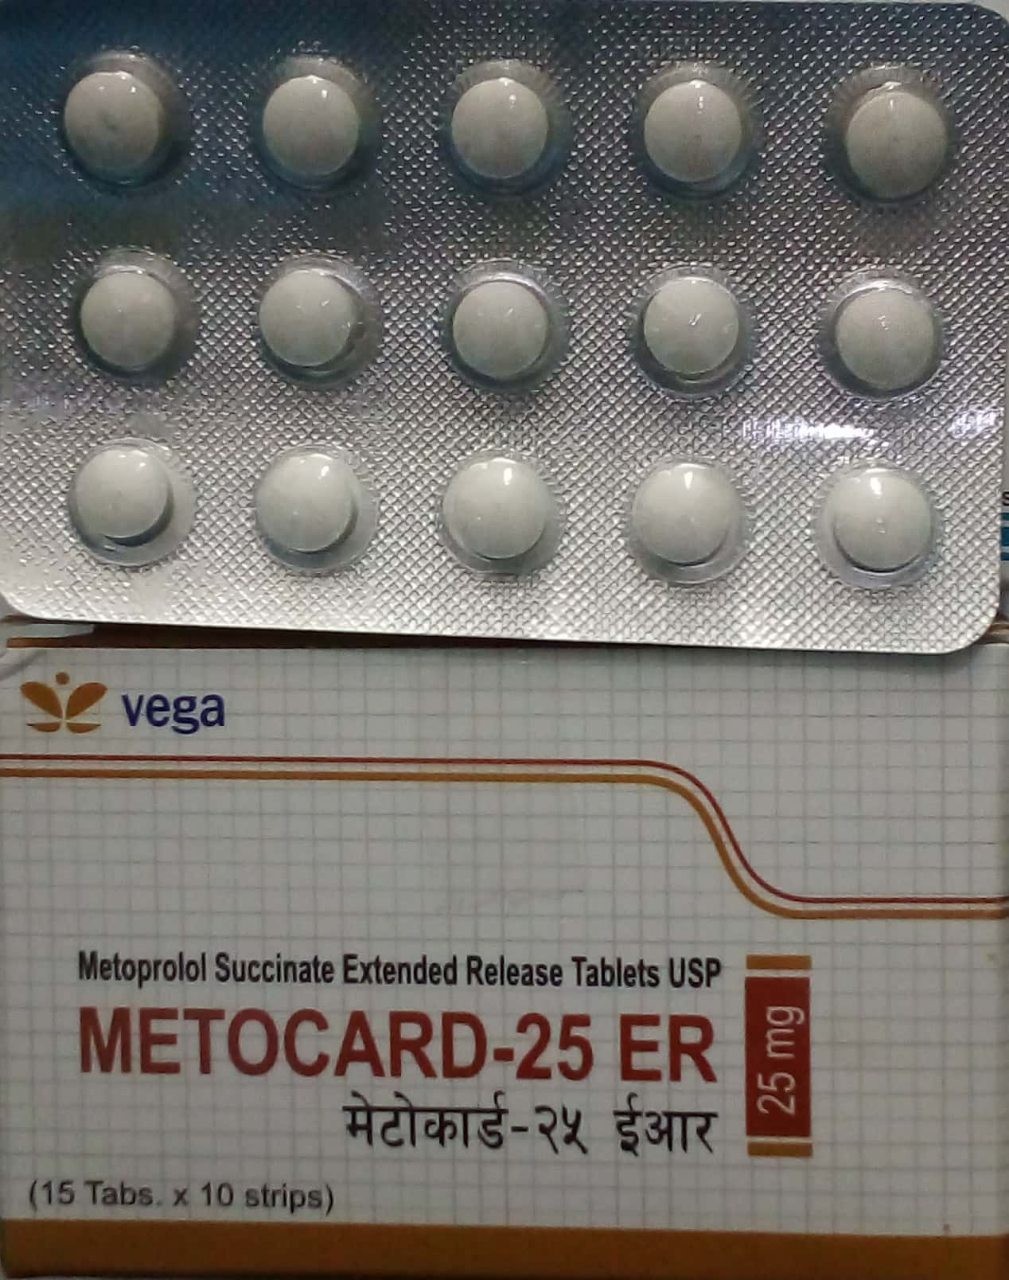 Metocard-25 Er
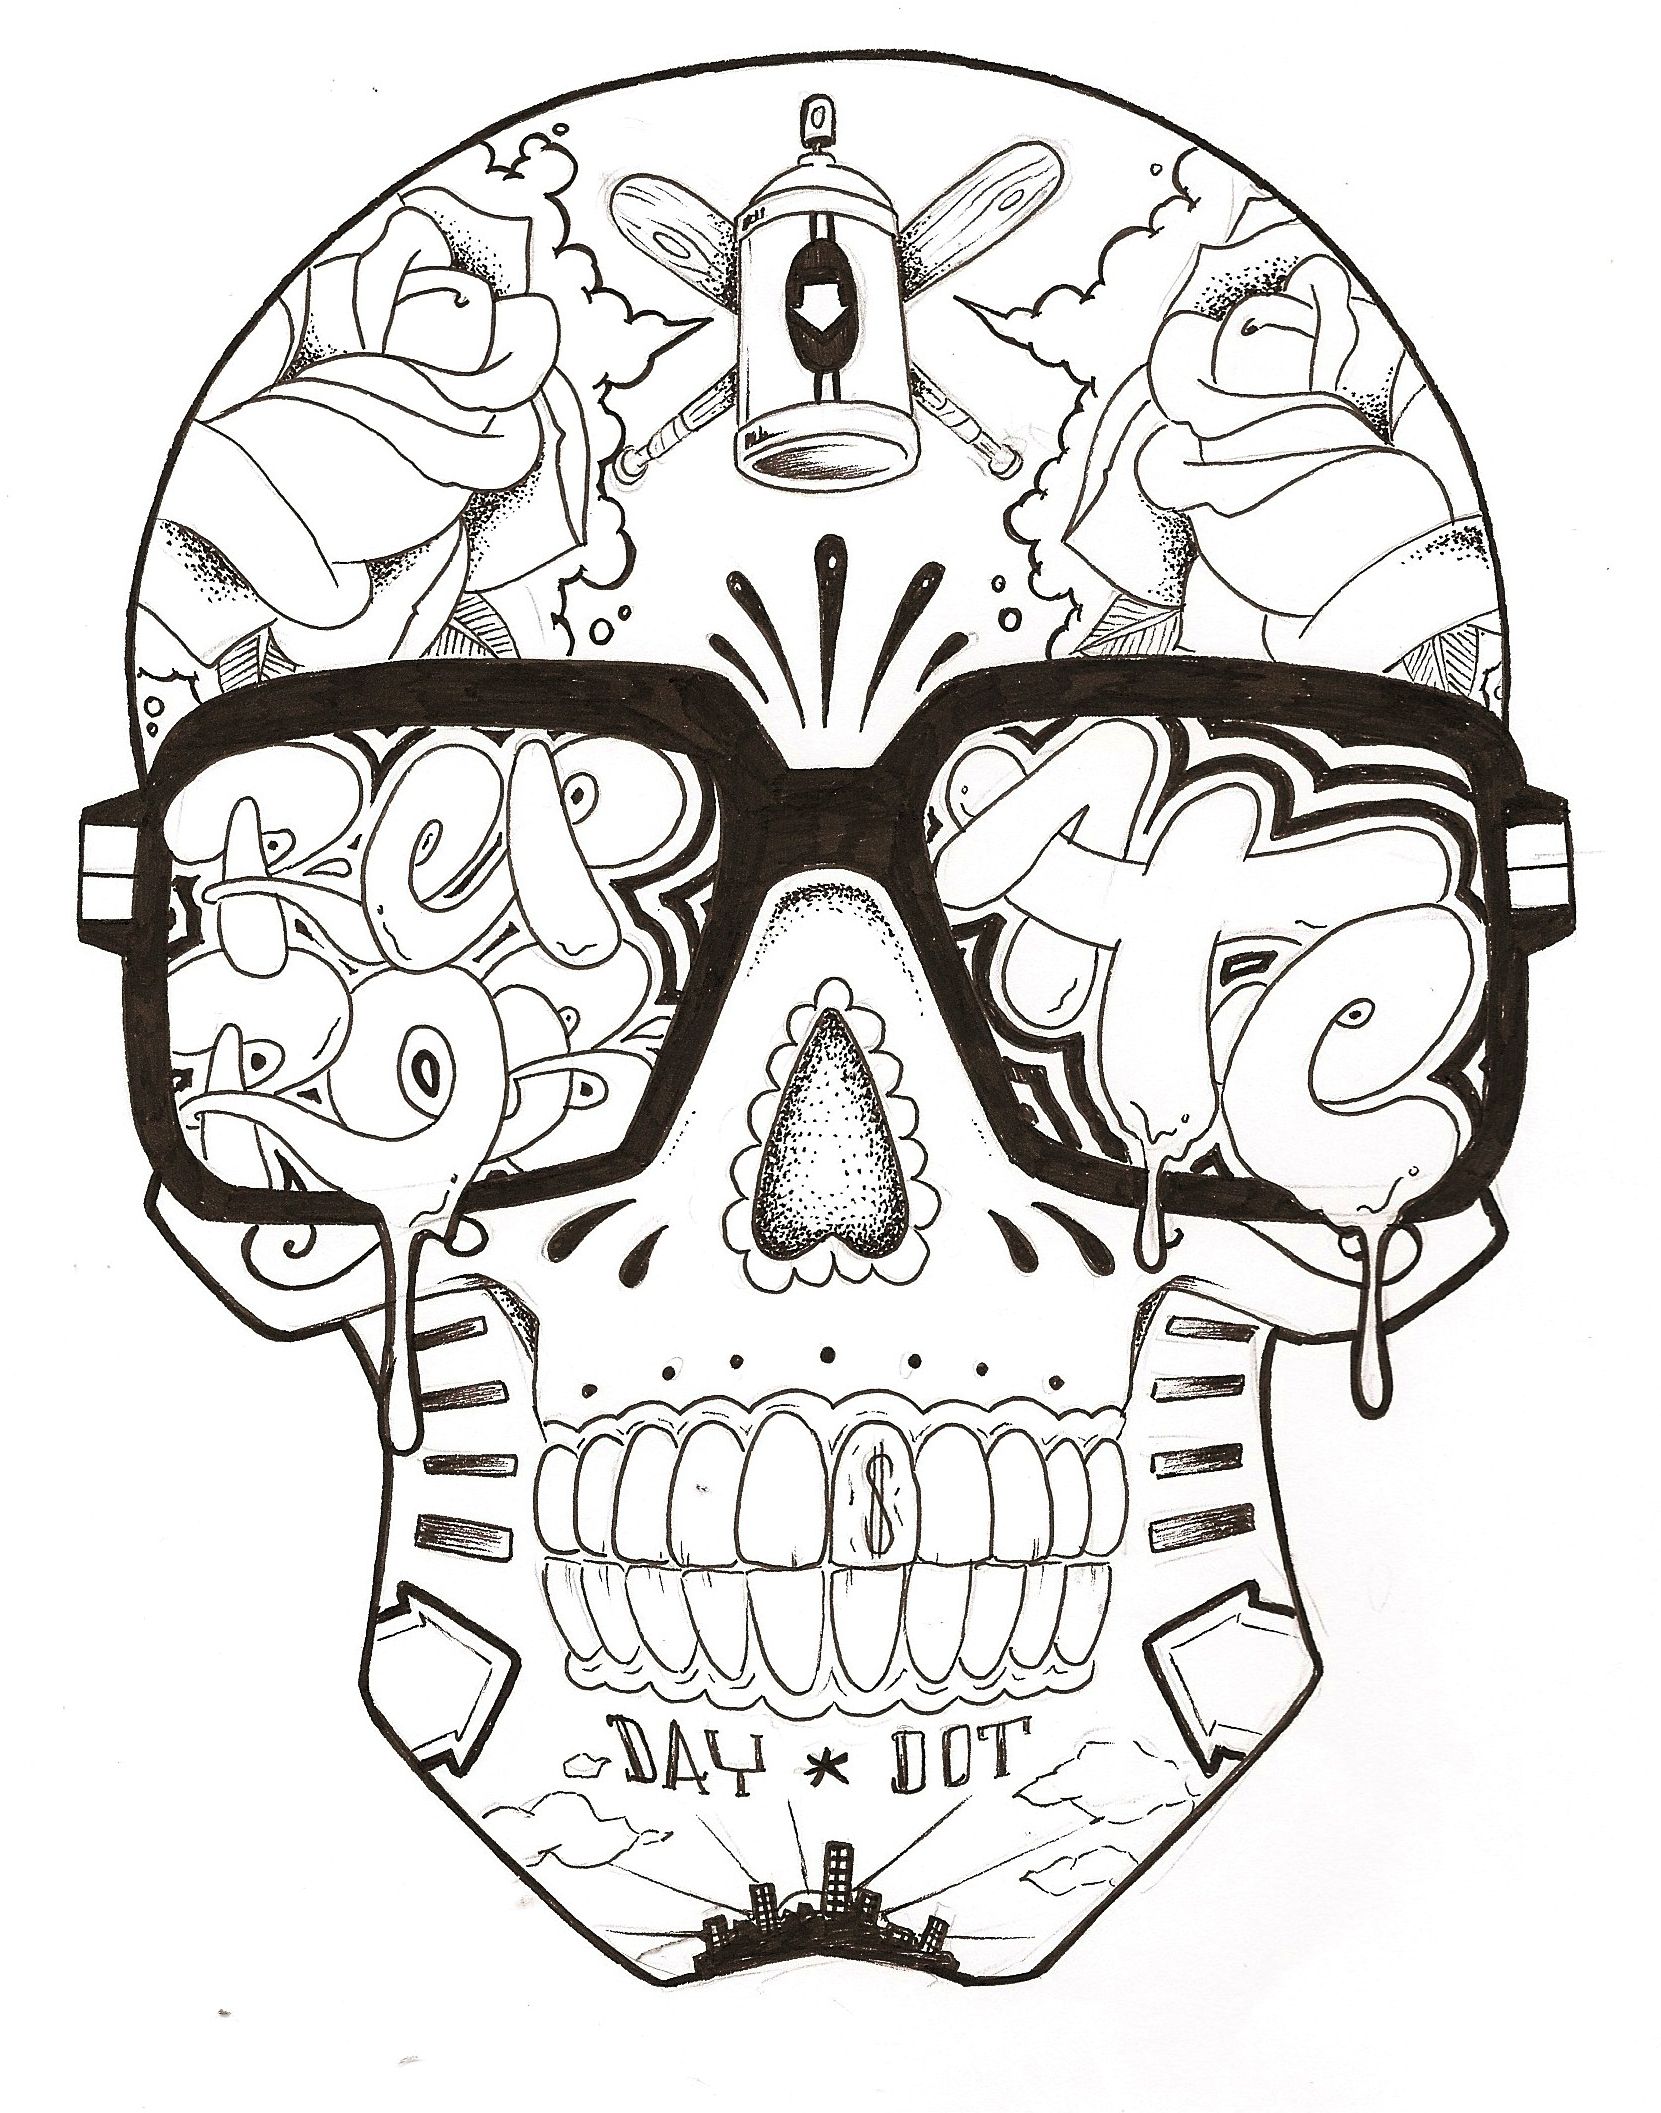 Gambar Graffiti Character Skull - KibrisPDR
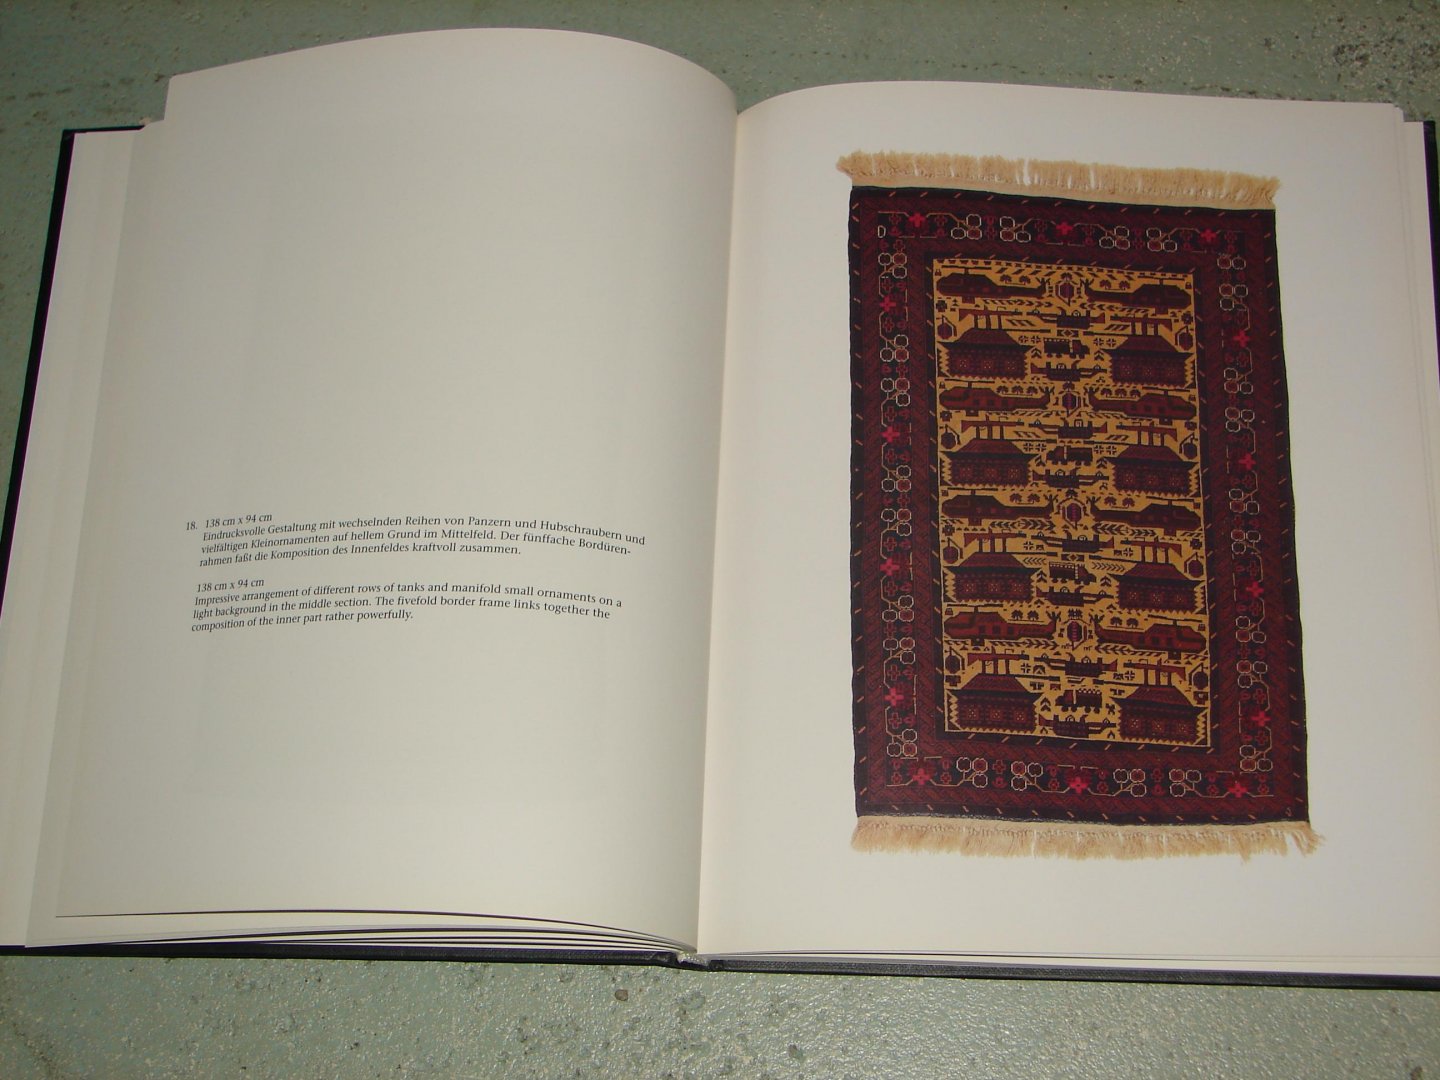 Böhning, Walter - Afghanische Teppiche mit kriegsmotiven

####################

The problem ▸
Only the pictures are to be dropped; the rest of the material above must be duplicated exactly.

Response for this exercise ▸
 Metocard-25 Er
 Gambar Graffiti Character Skull - KibrisPDR
 Böhning, Walter - Afghanische Teppiche mit kriegsmotiven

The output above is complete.